GIVEN RECORDS:
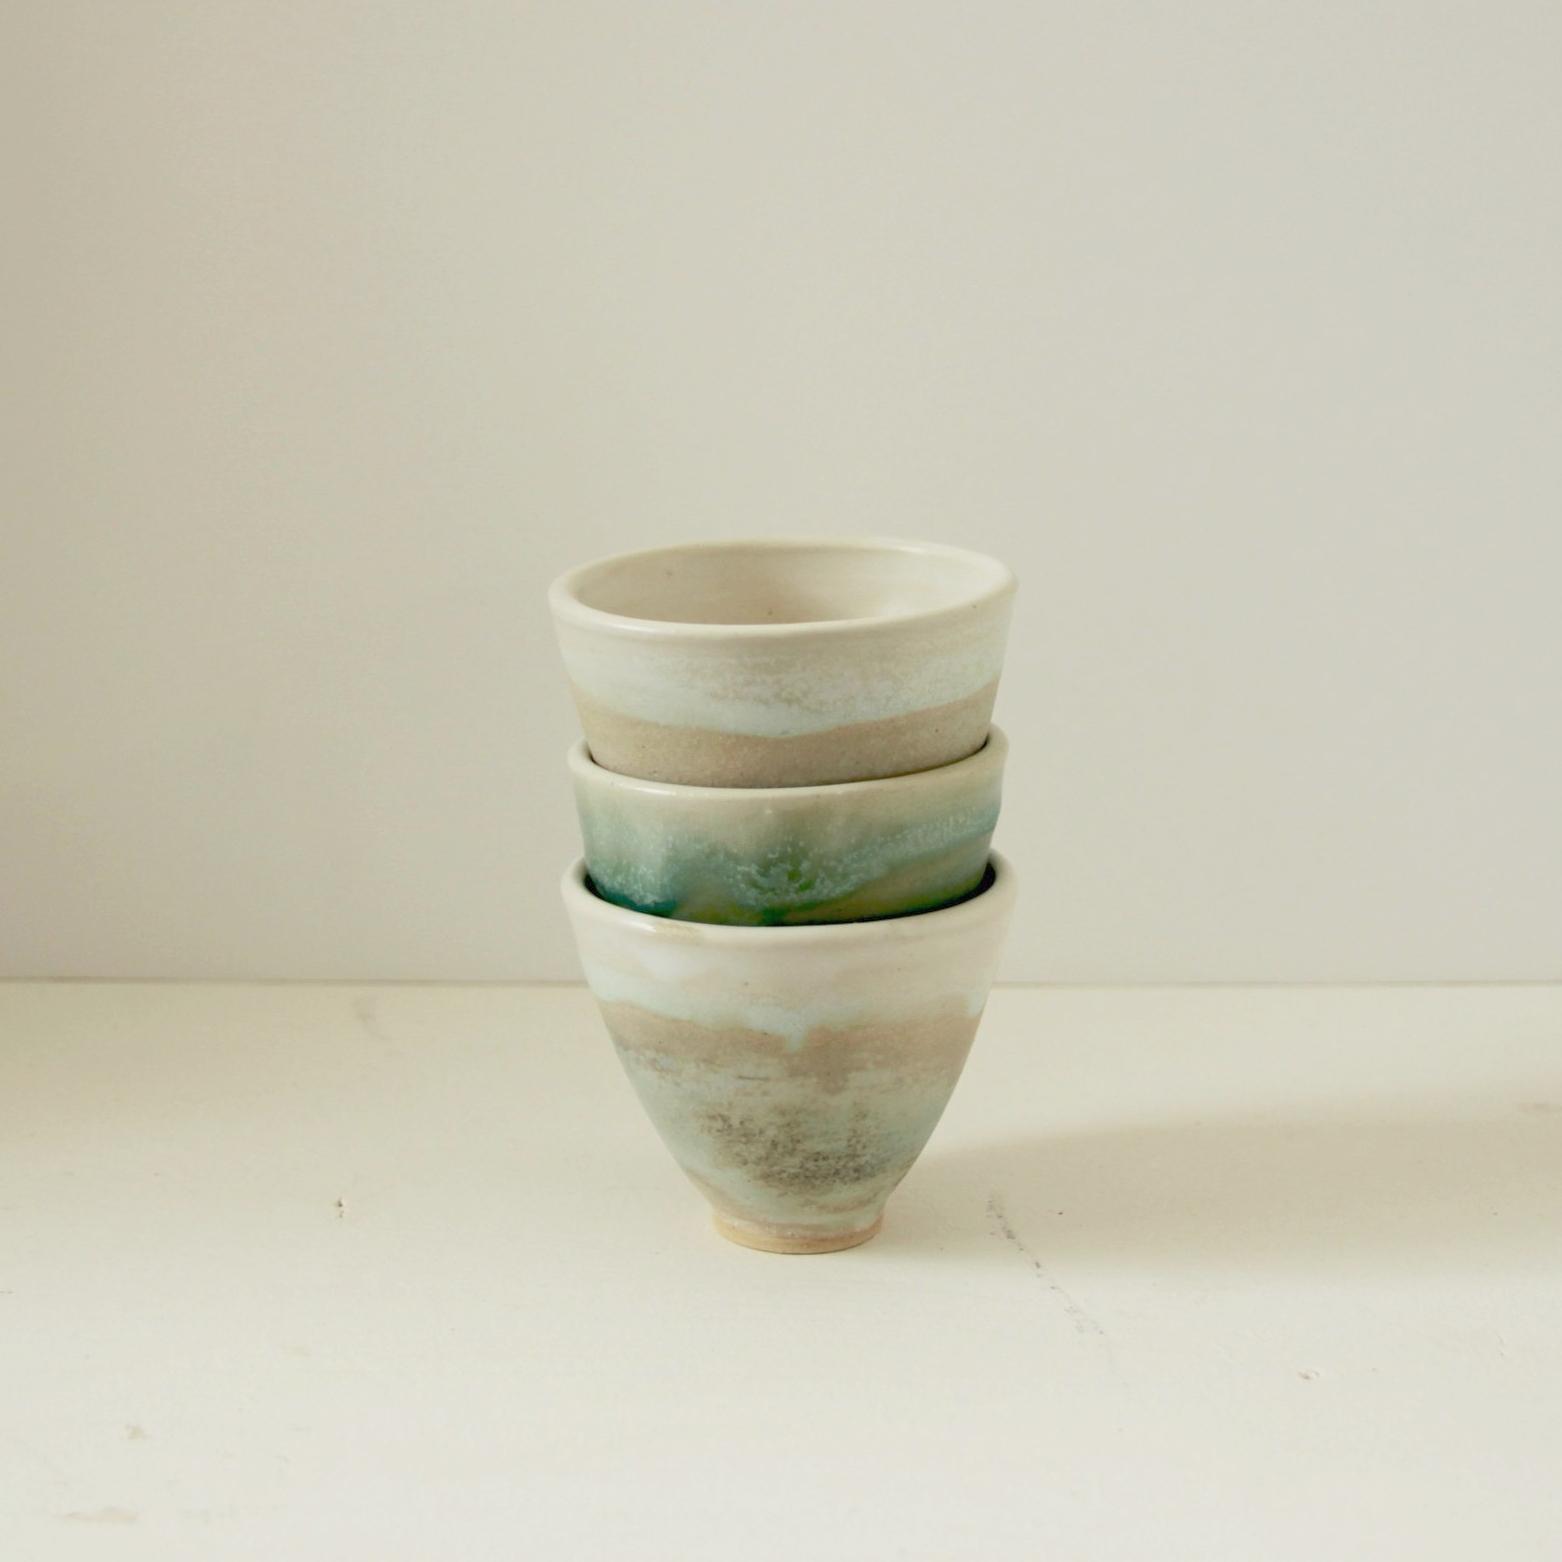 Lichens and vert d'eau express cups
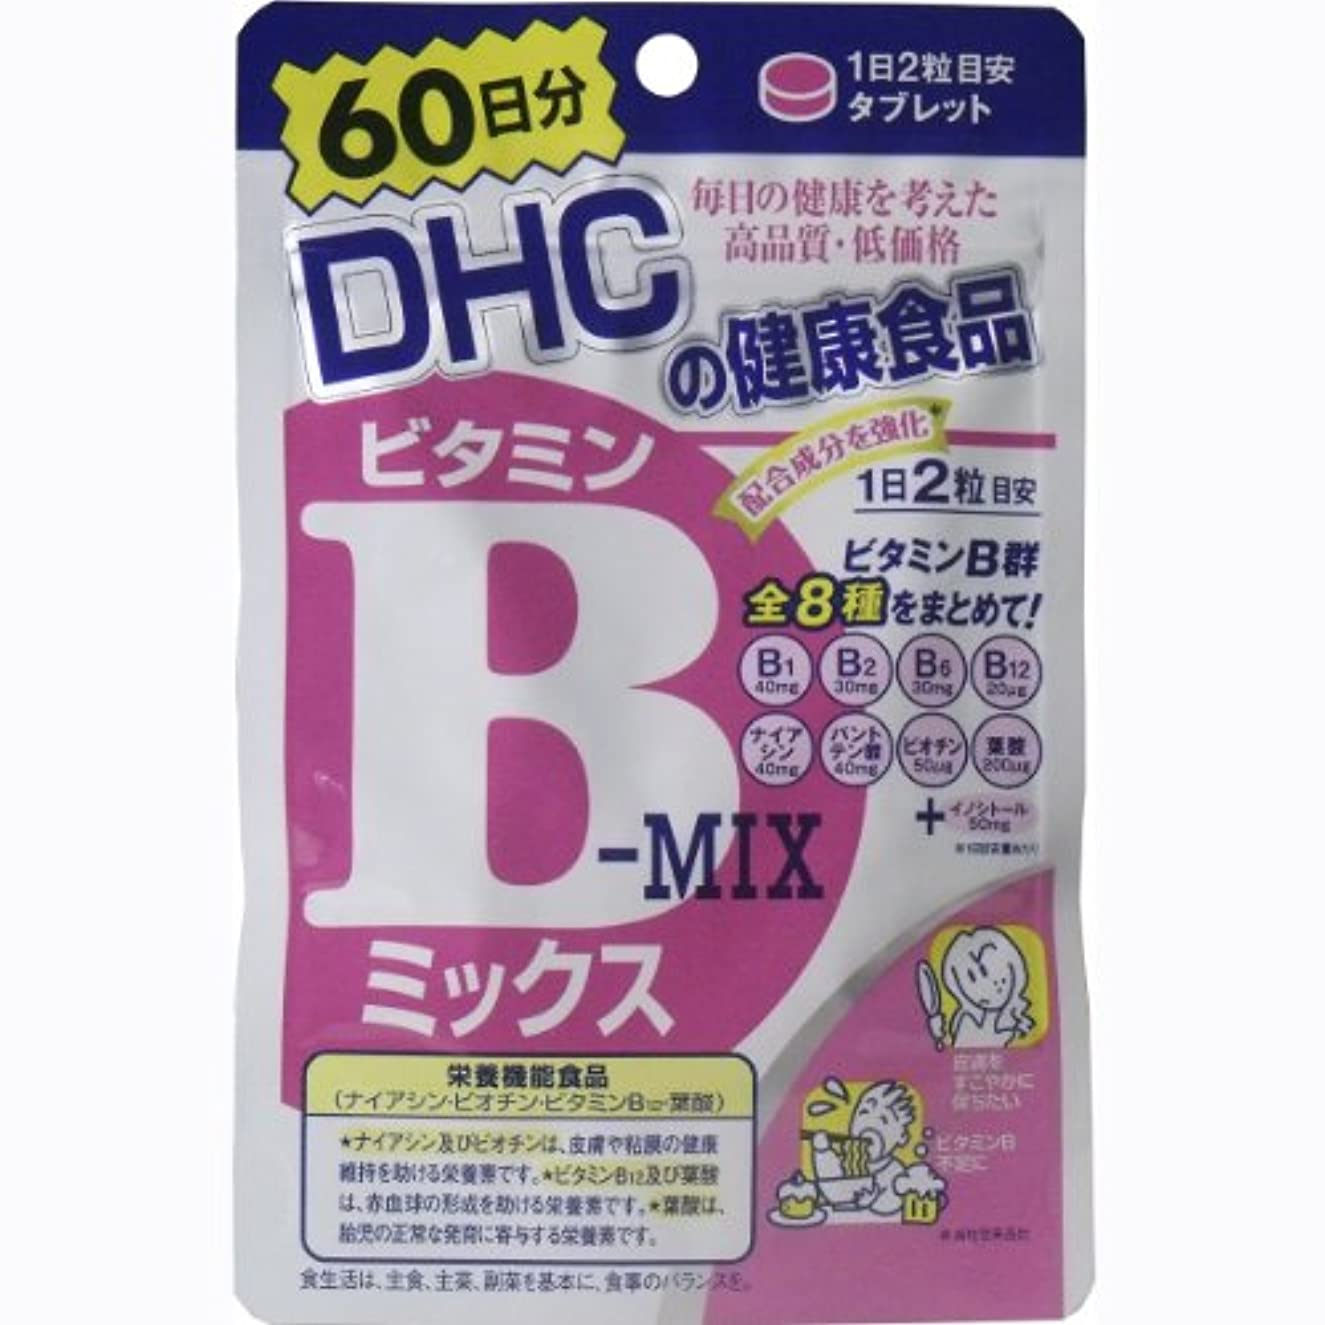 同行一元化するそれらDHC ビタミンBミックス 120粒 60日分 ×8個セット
* * *
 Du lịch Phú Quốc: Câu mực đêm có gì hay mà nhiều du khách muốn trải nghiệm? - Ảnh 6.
==
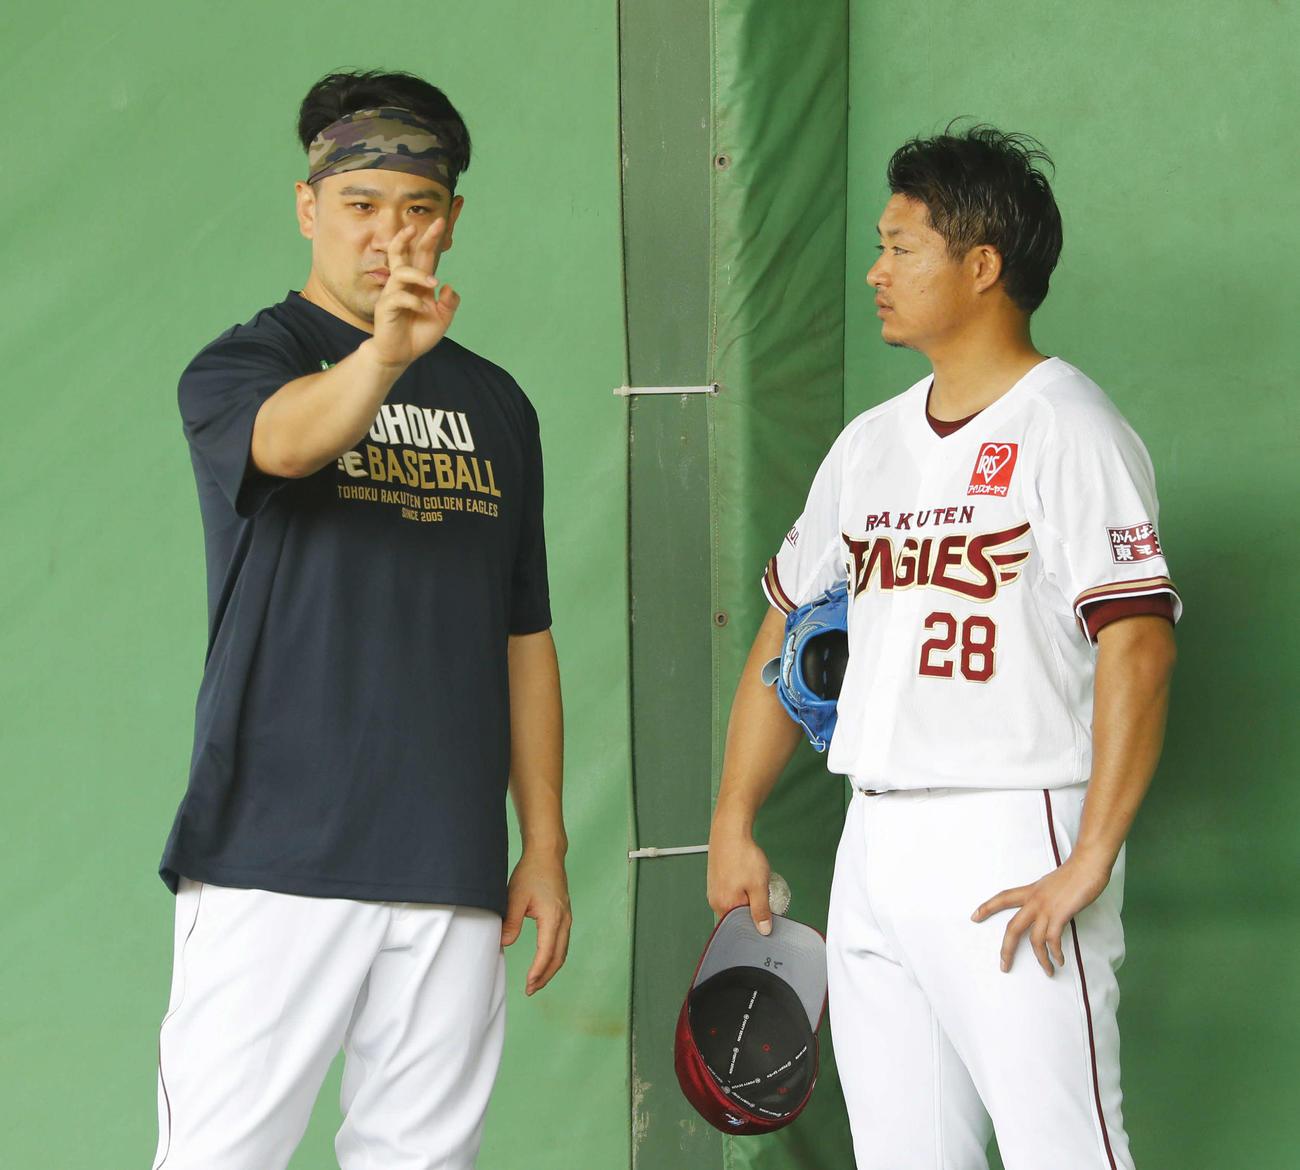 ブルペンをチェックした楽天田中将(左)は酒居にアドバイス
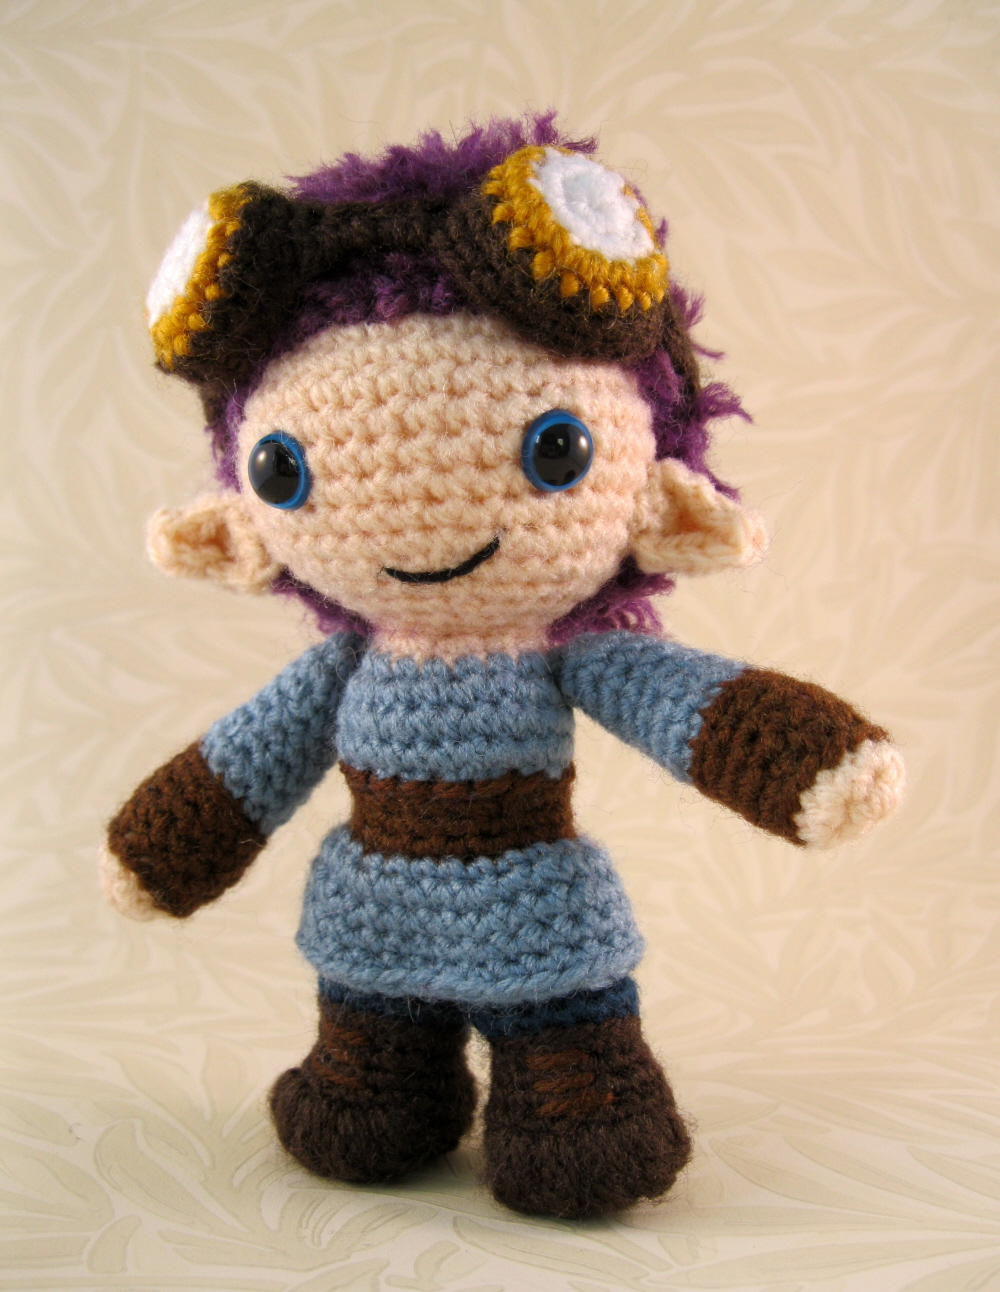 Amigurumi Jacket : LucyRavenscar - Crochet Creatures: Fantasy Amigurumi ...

HOW TO COMPLETE THIS TASK: Given the entries above, transcribe exactly the lines from the one holding "Lichens and vert d'eau express cups" through the one holding "同行一元化するそれらDHC ビタミンBミックス 120粒 60日分 ×8個セット"; pictures do not belong in the transcription.

TASK RESPONSE:
 Lichens and vert d'eau express cups
 同行一元化するそれらDHC ビタミンBミックス 120粒 60日分 ×8個セット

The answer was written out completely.